Другая сторона, что с патриотами и их делом боролась, впрочем, Канаэ нравилась ничуть не больше, да и служил он не идее. Дракону было важно это дело, и Канаэ готов был делать всё, чтобы приносить ему хоть какую-то пользу. Пусть никаких особых тайн ему не доверяли, но и то немногое, что он знал, никто не сумел бы заставить рассказать, а все поручения исполнялись тщательно и усердно.
* * *
Ночами, когда светила луна, не сиделось дома, делалось душно и тревожно, и Канаэ выскальзывал тихонько за дверь, никого не разбудив.

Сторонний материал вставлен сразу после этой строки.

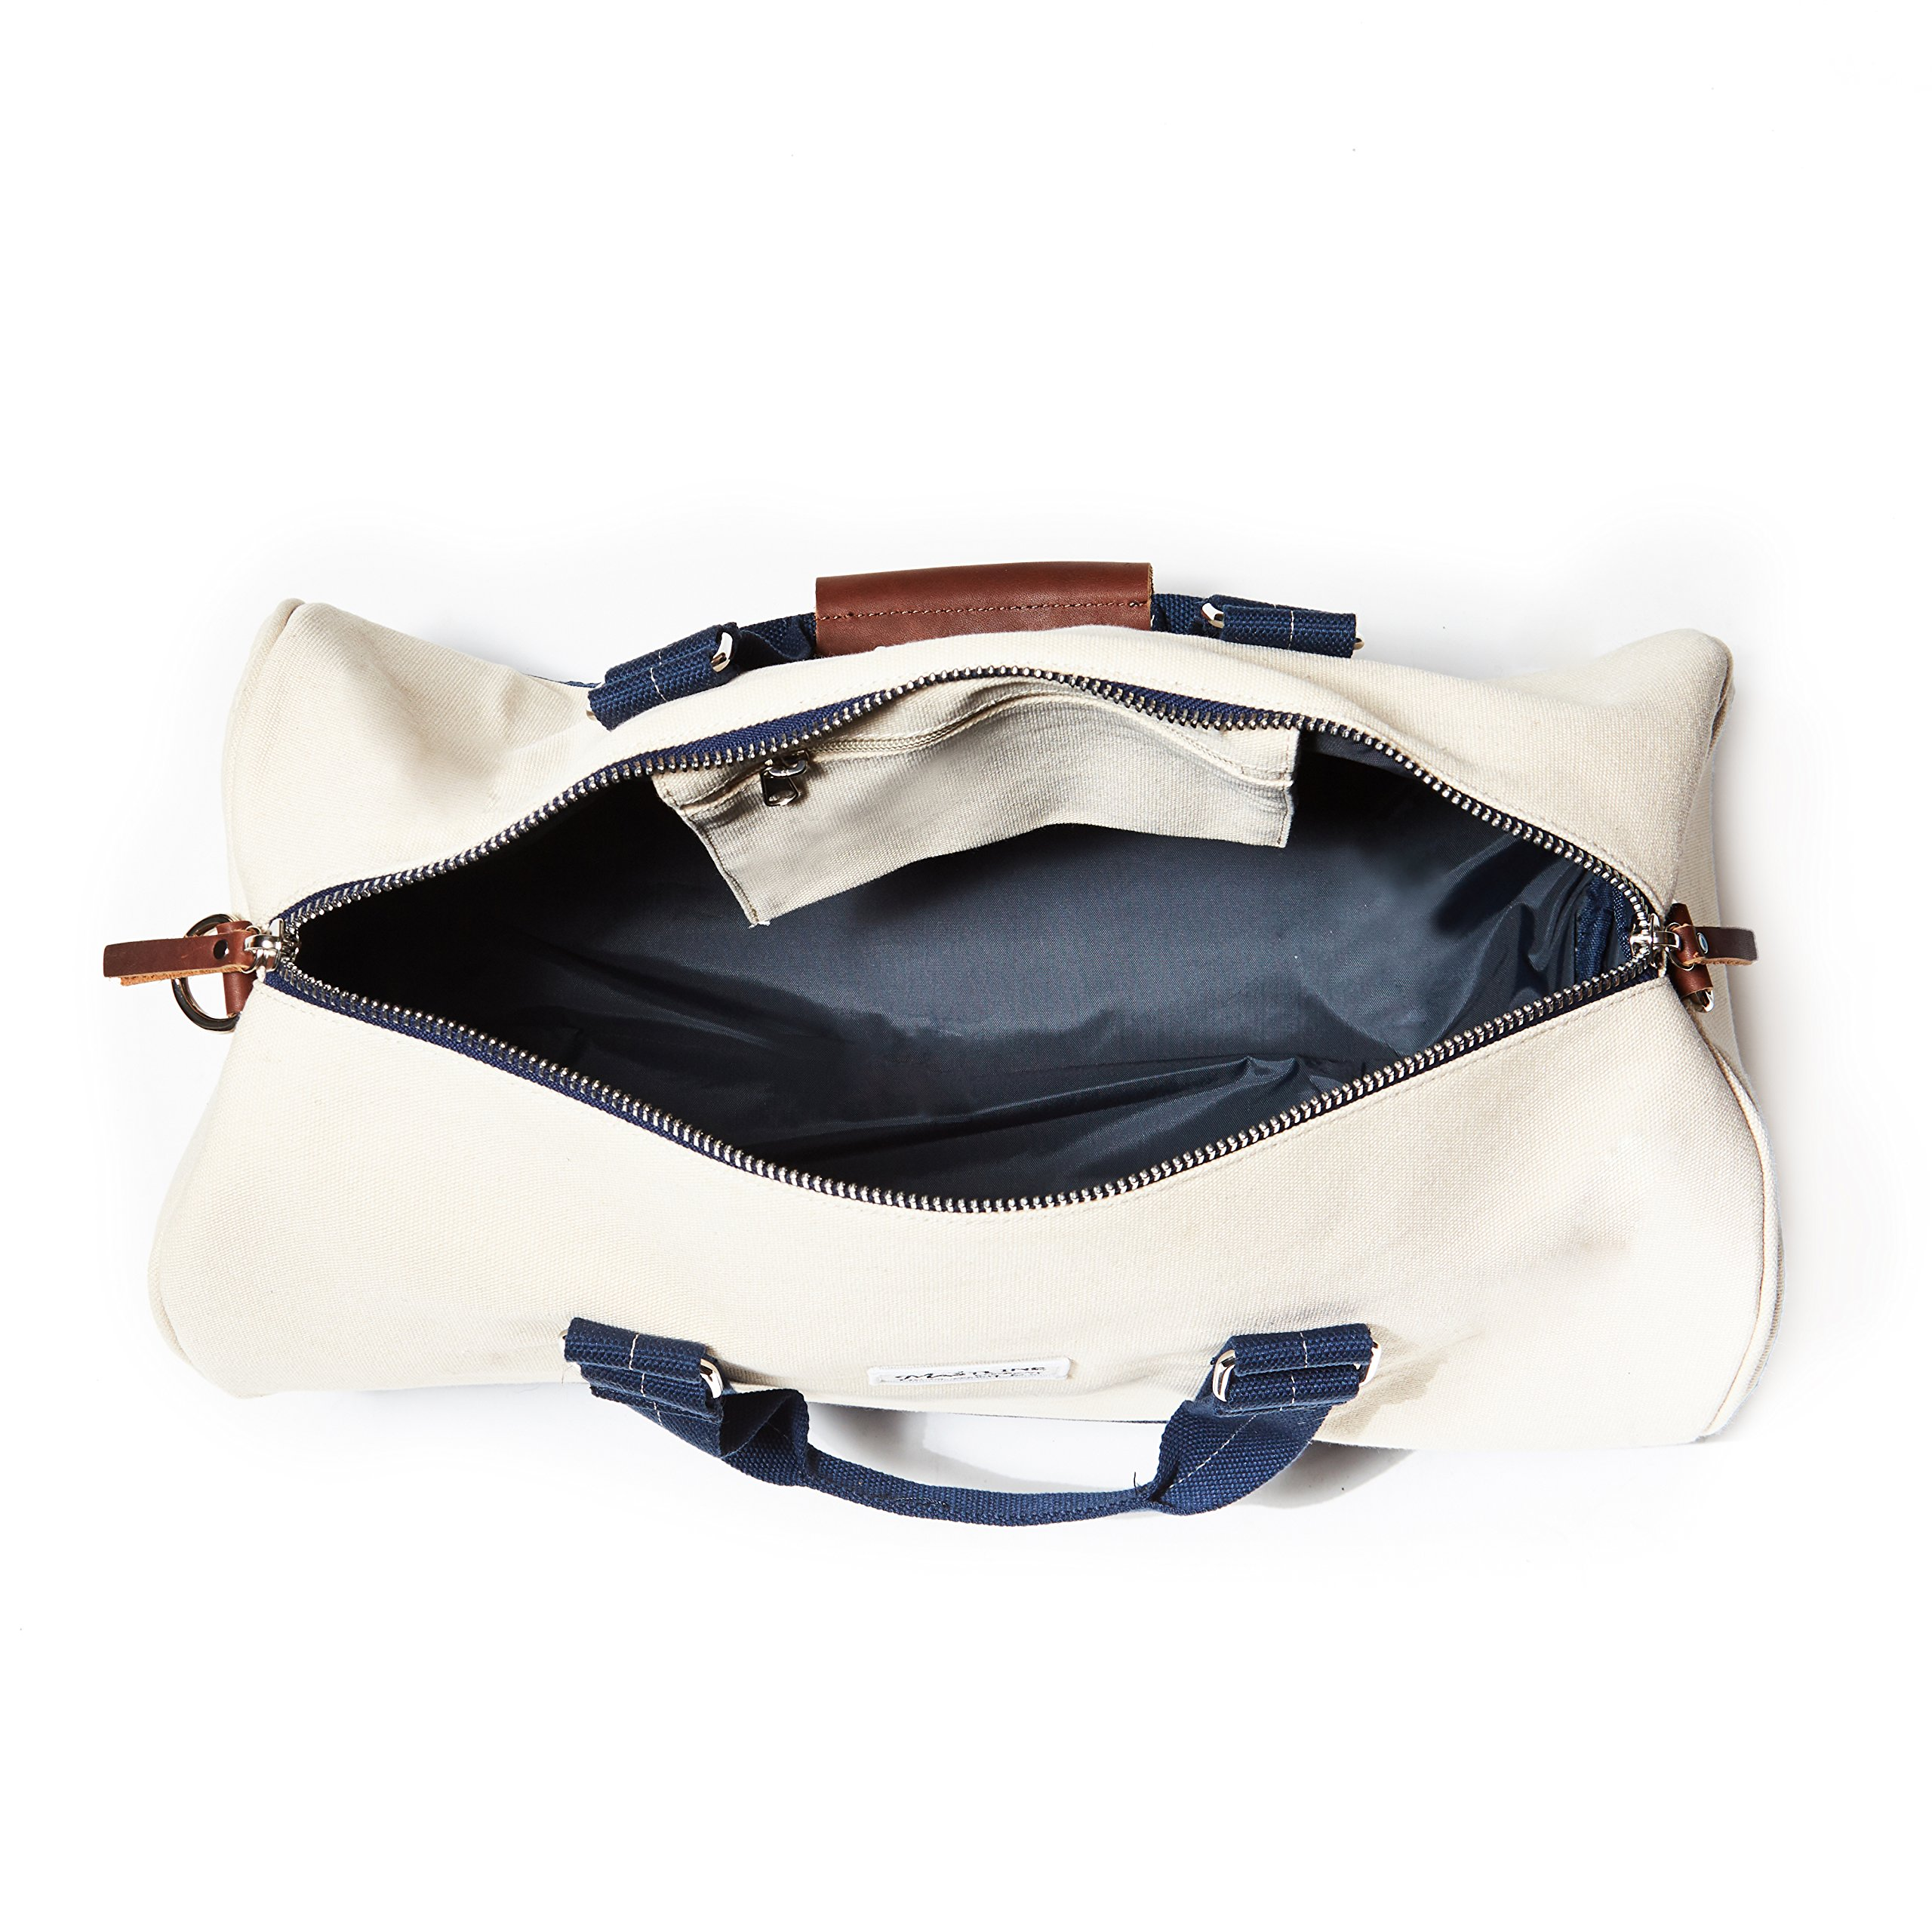 THE MASTLINE Co. | Hudson Barrel Duffel Travel Bag | Canvas & Leather (Natural White) by THE MASTLINE Co. (Image #2)

Темнота и лунный свет изменяли всё, делали знакомый город — Канаэ, посылая то и дело с поручением, заставили выучить каждую улицу и каждый переулок, запомнить множество лазеек — совсем иным. Будто привычный, дневной Киото засыпал, а его место занимал ночью совсем другой город. Ощущавшийся живым, будто обладающий собственным разумом, похожий на старое, опасное, много повидавшее и хранящее память о многом существо. Город не только ночных патрулей и неспящих заговорщиков, но город призраков, отзвуков лязга оружия и неясных, звучащих словно бы издалека возгласов — памяти о том, что было когда-то, скользящих бесшумно неясных теней, от которых веяло опасностью и чуждостью. Не принадлежащий людям город — и каждый, кто выходил на его улицы глубокой ночью, делал это на свой риск, порой и не подозревая этого. Подвыпивший гуляка мог и вовсе не вернуться домой, пропав бесследно, — и совсем не люди были бы тому виной.
Узкие переулки и тесные дворики, бумажные фонари и блюдца с солью — защита от ночной нечисти, чьи-то светящиеся глаза из подворотни... Город, кажется, присматривался к нему, а ночная нечисть отчего-то не подступалась, будто не замечая. Канаэ, видя в темноте куда лучше прочих людей, кружил по улицам, сам не зная, что ищет, но не в силах остановиться и не в силах перестать слышать навязчивый шёпот, зовущий куда-то, требующий что-то, не глохнущий, даже если зажать уши ладонями. Несколько раз едва не попадался патрулям — если бы не знание лазеек... Но отказаться от ночных прогулок не мог, хоть потом и ходил сонным весь день. Если раньше звала только полная луна, то теперь Канаэ спал спокойно лишь в ночи новолуния.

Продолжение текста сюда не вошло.